World of Goo Releases Rapid Prototyping Framework - peter123
http://2dboy.com/2009/05/27/rapid-prototyping-framework/
======
jsonscripter
Woo! It has the "do whatever you want with this framework" license, too!

Someone should port it to Linux and OS X, or at least have some instructions
for those platforms. I'm sure it will work on those, as WoG is available.

Also: If you even mildly enjoy casual games, I would highly recommend playing
and/or purchasing World of Goo. It has wonderful artwork and a some very nice
pop-culture critiques between the lines.

------
nihilocrat
I took a look at the source and demo apps, and it's a pretty minimal
framework, providing only a few things and a series of conveniences that you
won't get with pure SDL. Still, what it aims to do it does pretty well, you
will just have to do lots of Model-side heavy lifting, as there's no collision
code or other such handy things. I presume this is because many games could
ask for many approaches to those problems.

------
avinashv
This is cool--and public domain? That's awesome.

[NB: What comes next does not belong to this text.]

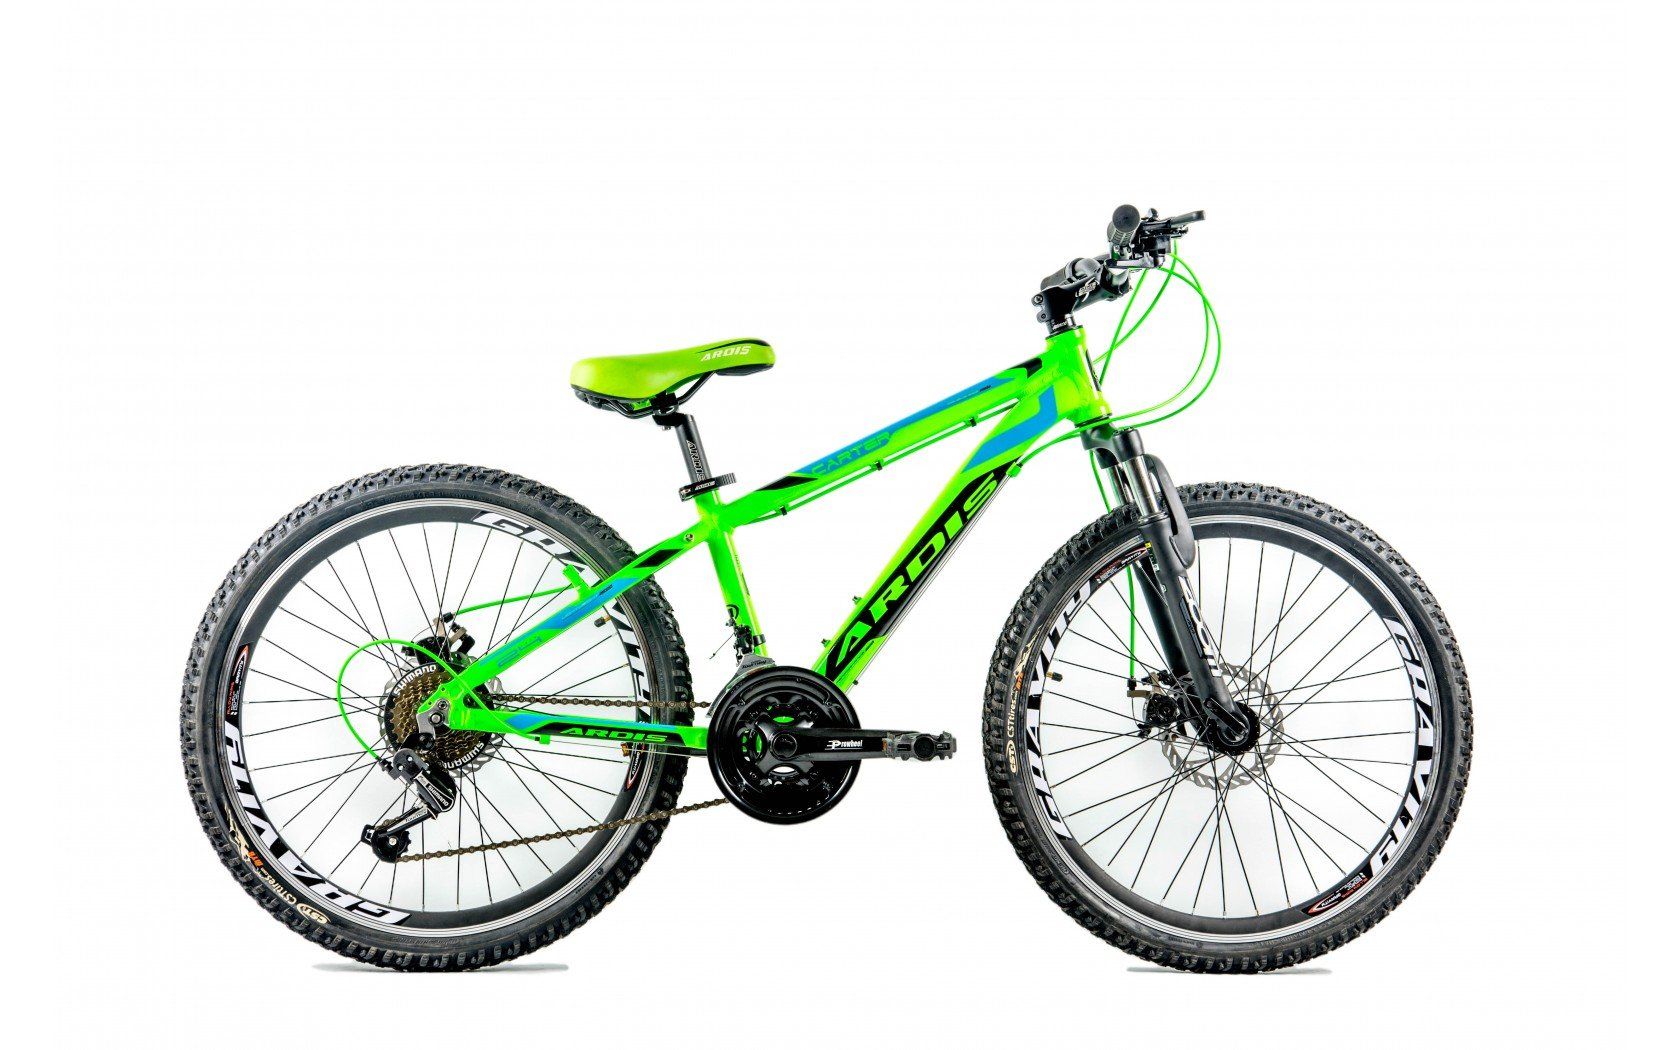 Подростковый горный (MTB) велосипед Ardis Carter MTB 24. Ardis зеленый велосипед. Велосипеды Ардис колеса на 24. Велосипед подростковый 24 дюйма Green. Купить велосипед 24 рама

For the record, it's _2D Boy_ that released the framework, not the piece of
software World of Goo.

------
richcollins
Hard to understand how a gaming framework without a scripting component could
be considered "rapid prototyping".

<http://love2d.org/> is a similar wrapper around SDL, but you script it using
Lua.

------
danw
This is great. Not entirely surprising since world of goo started out as an
app built in a week as part of a series of rapid prototypes built by competing
graduate students
[<http://www.gamasutra.com/features/20051026/gabler_pfv.htm>]